▶ Study material:
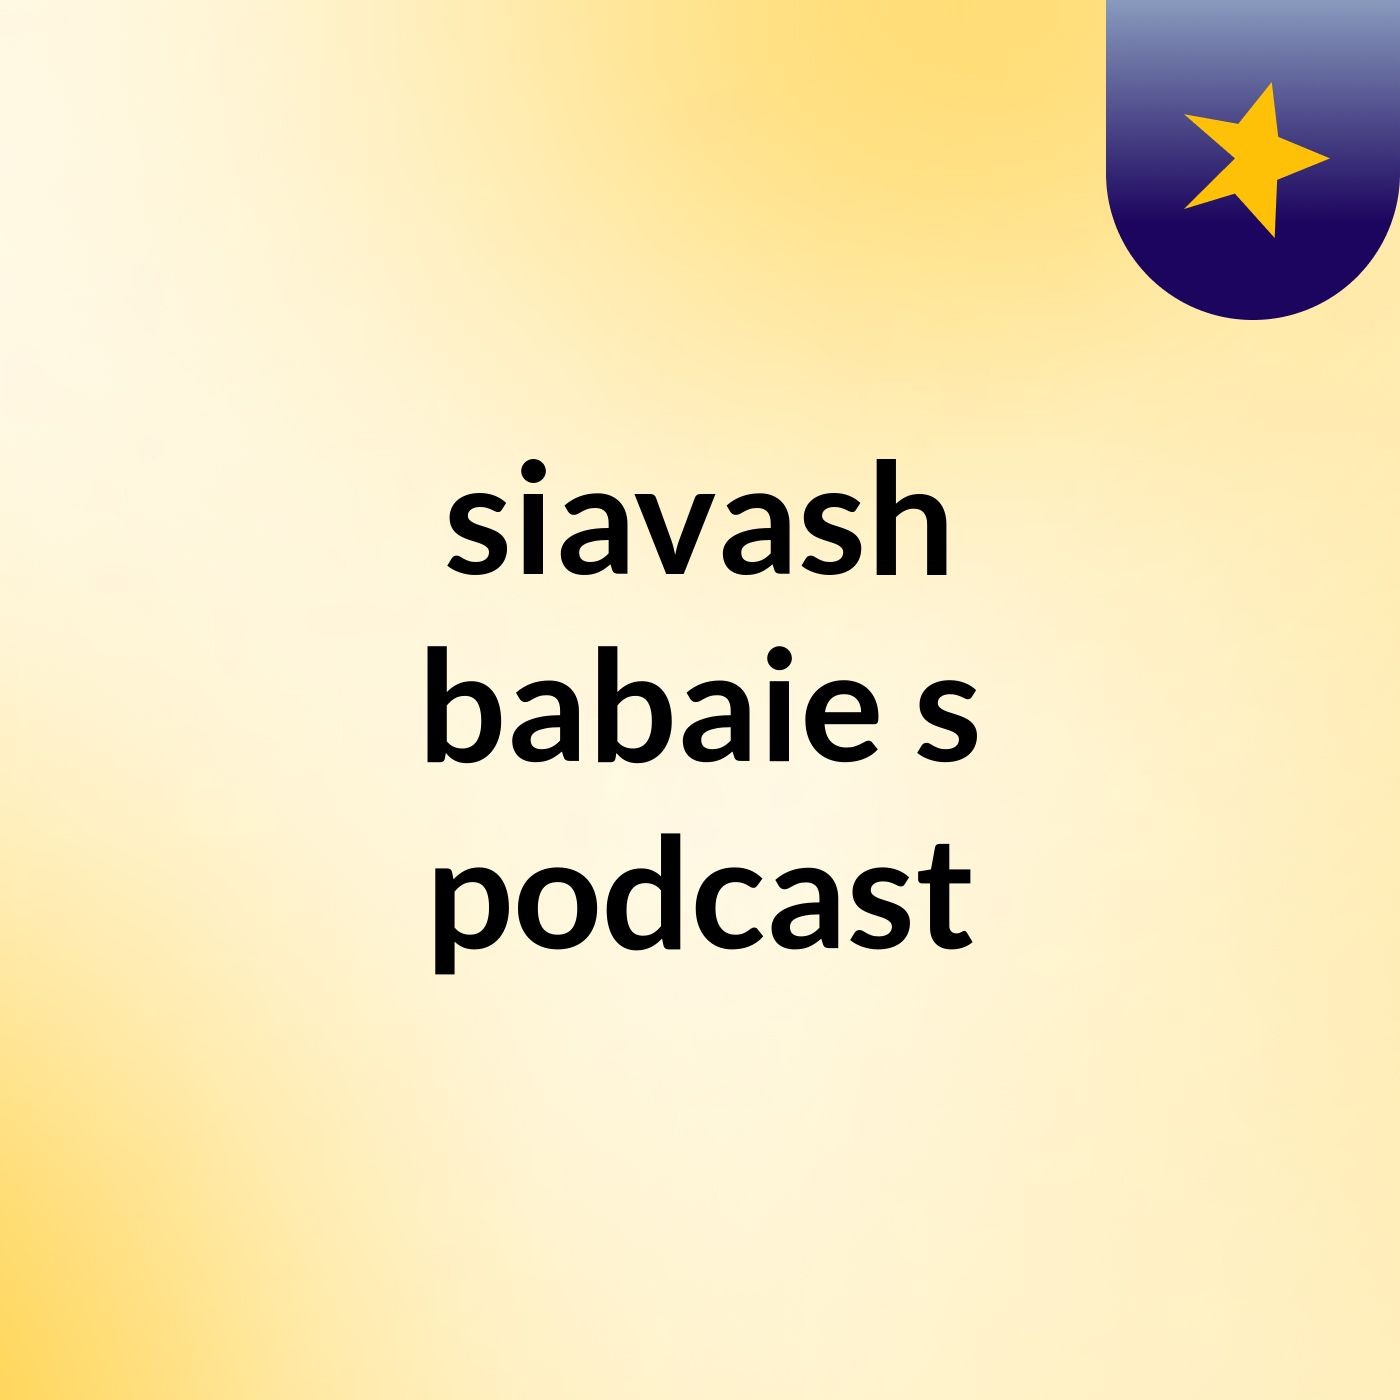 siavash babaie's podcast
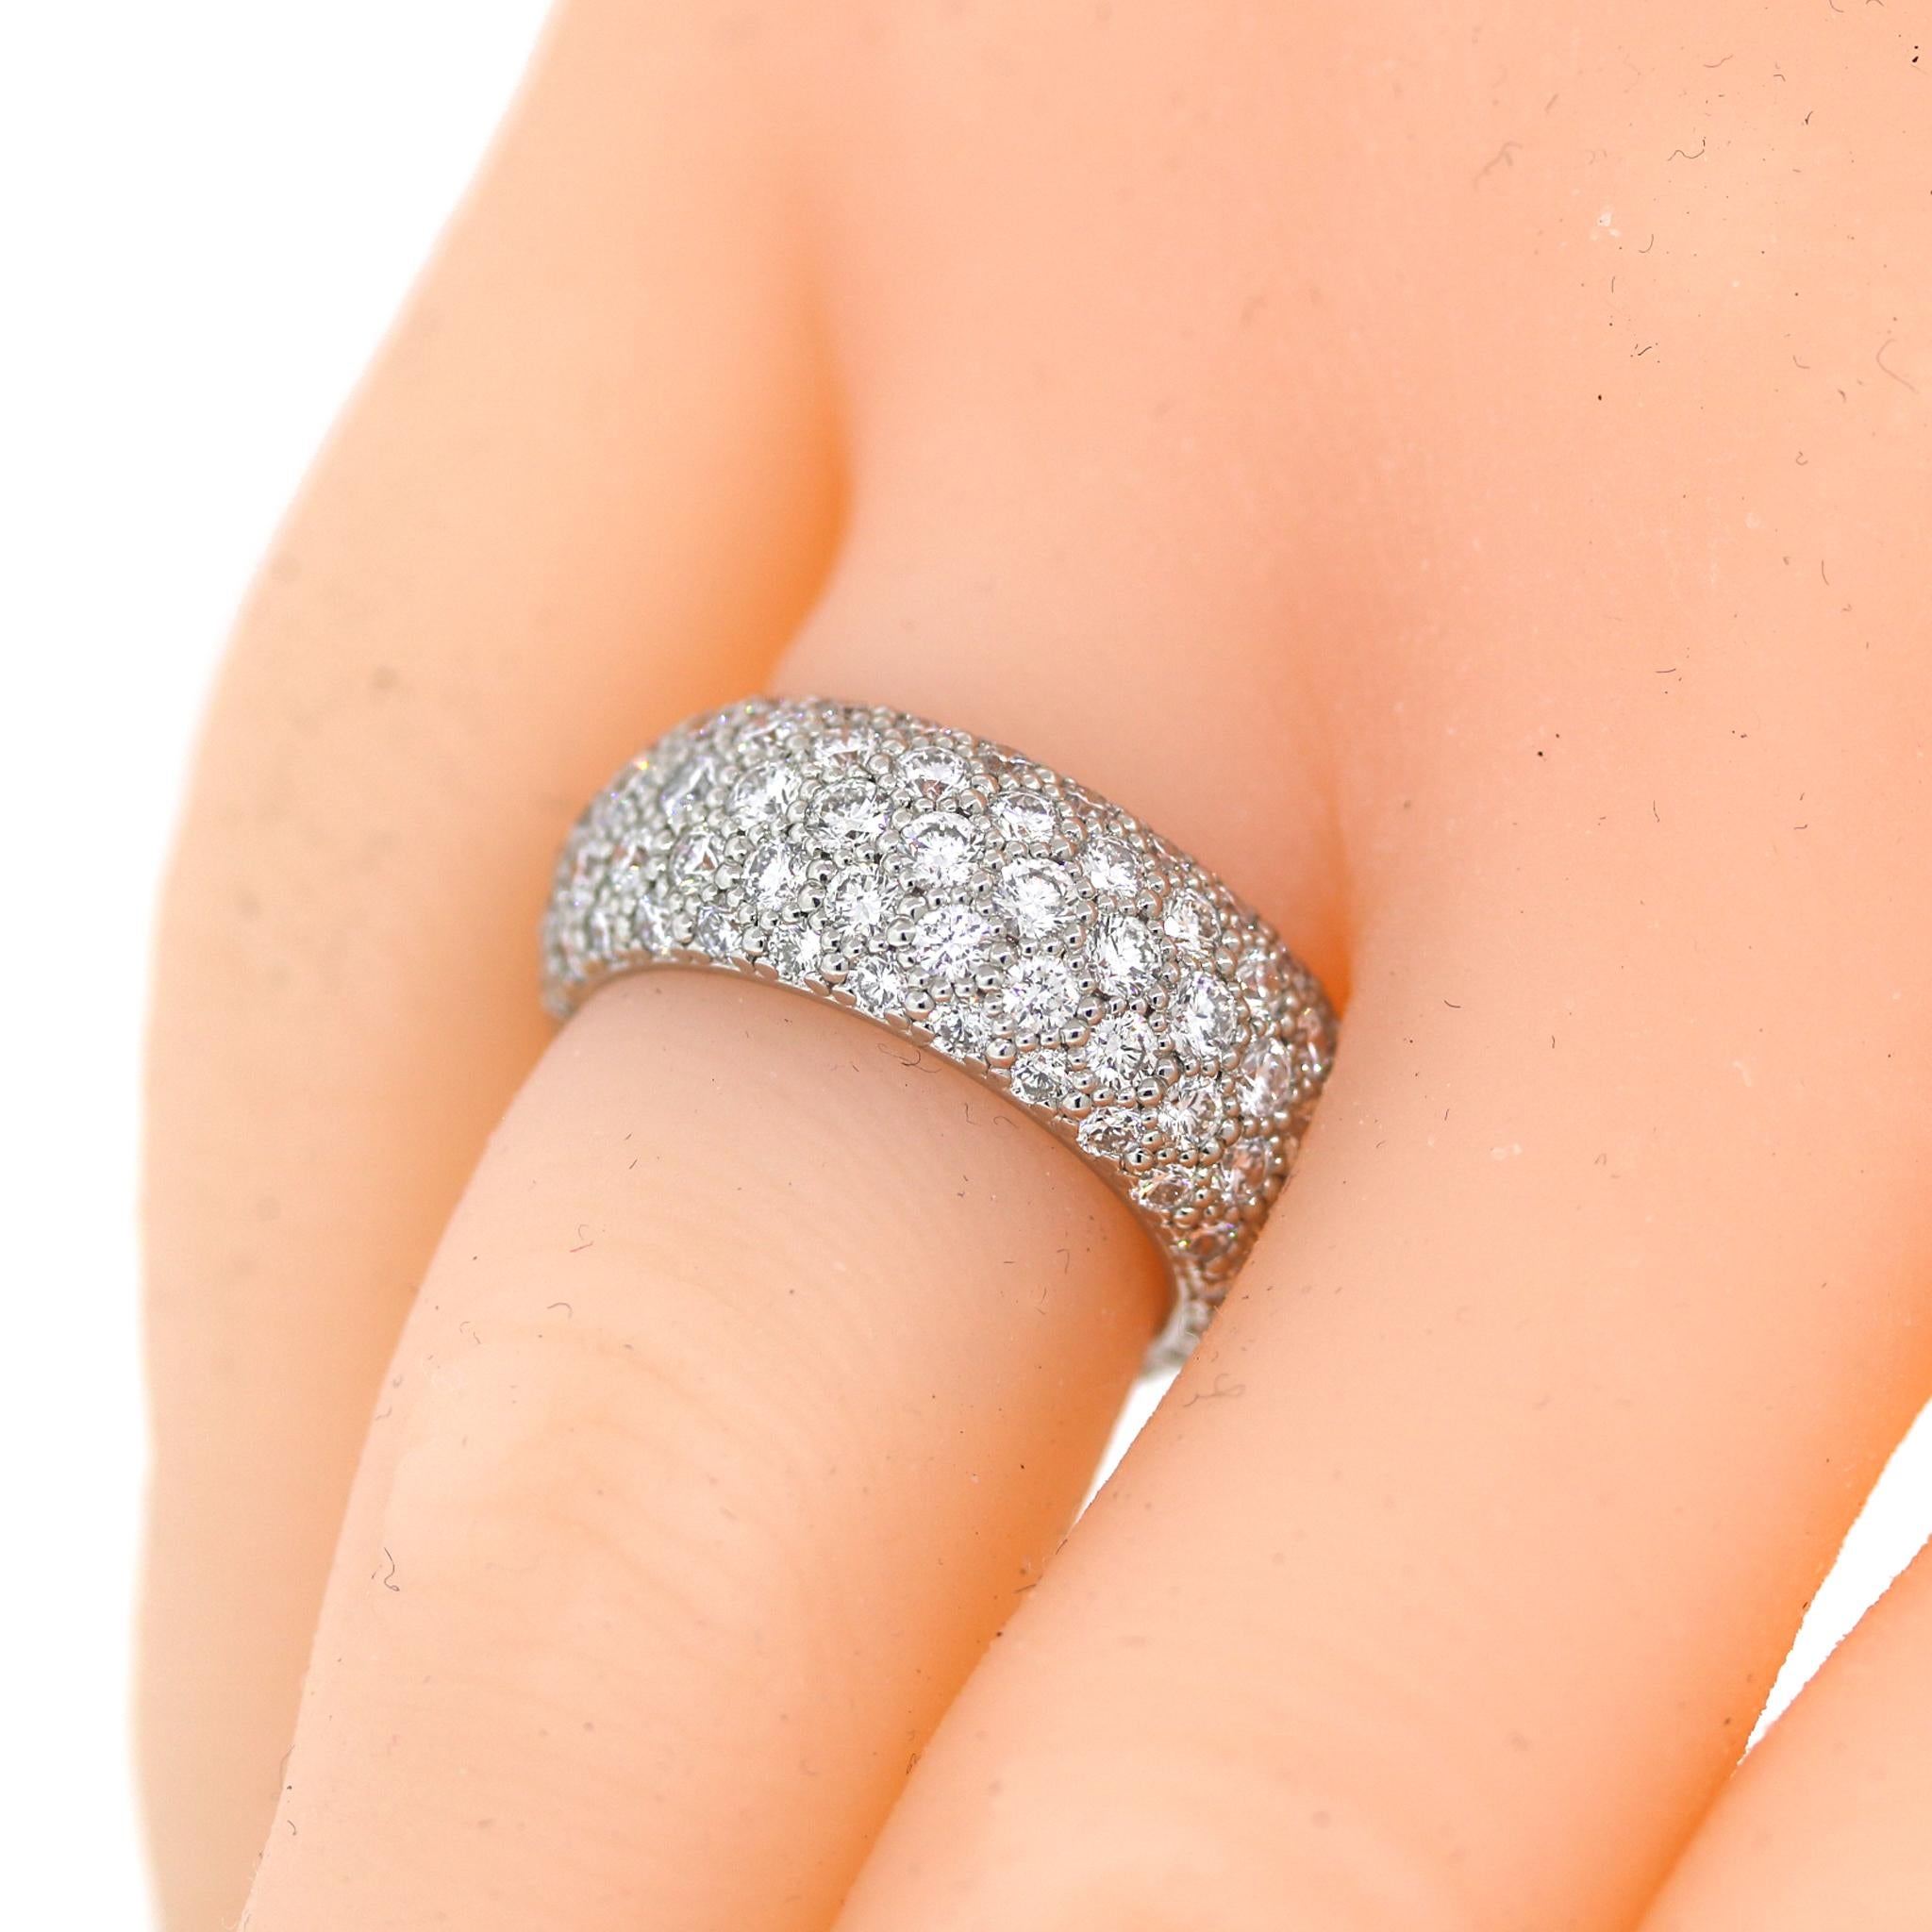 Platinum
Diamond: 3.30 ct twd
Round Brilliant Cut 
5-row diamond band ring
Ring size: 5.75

▶ Action item: Transcribe the listing word for word, but keep its pictures out of the copy.

▶ Answer space:
 siavash babaie's podcast
 Platinum
Diamond: 3.30 ct twd
Round Brilliant Cut 
5-row diamond band ring
Ring size: 5.75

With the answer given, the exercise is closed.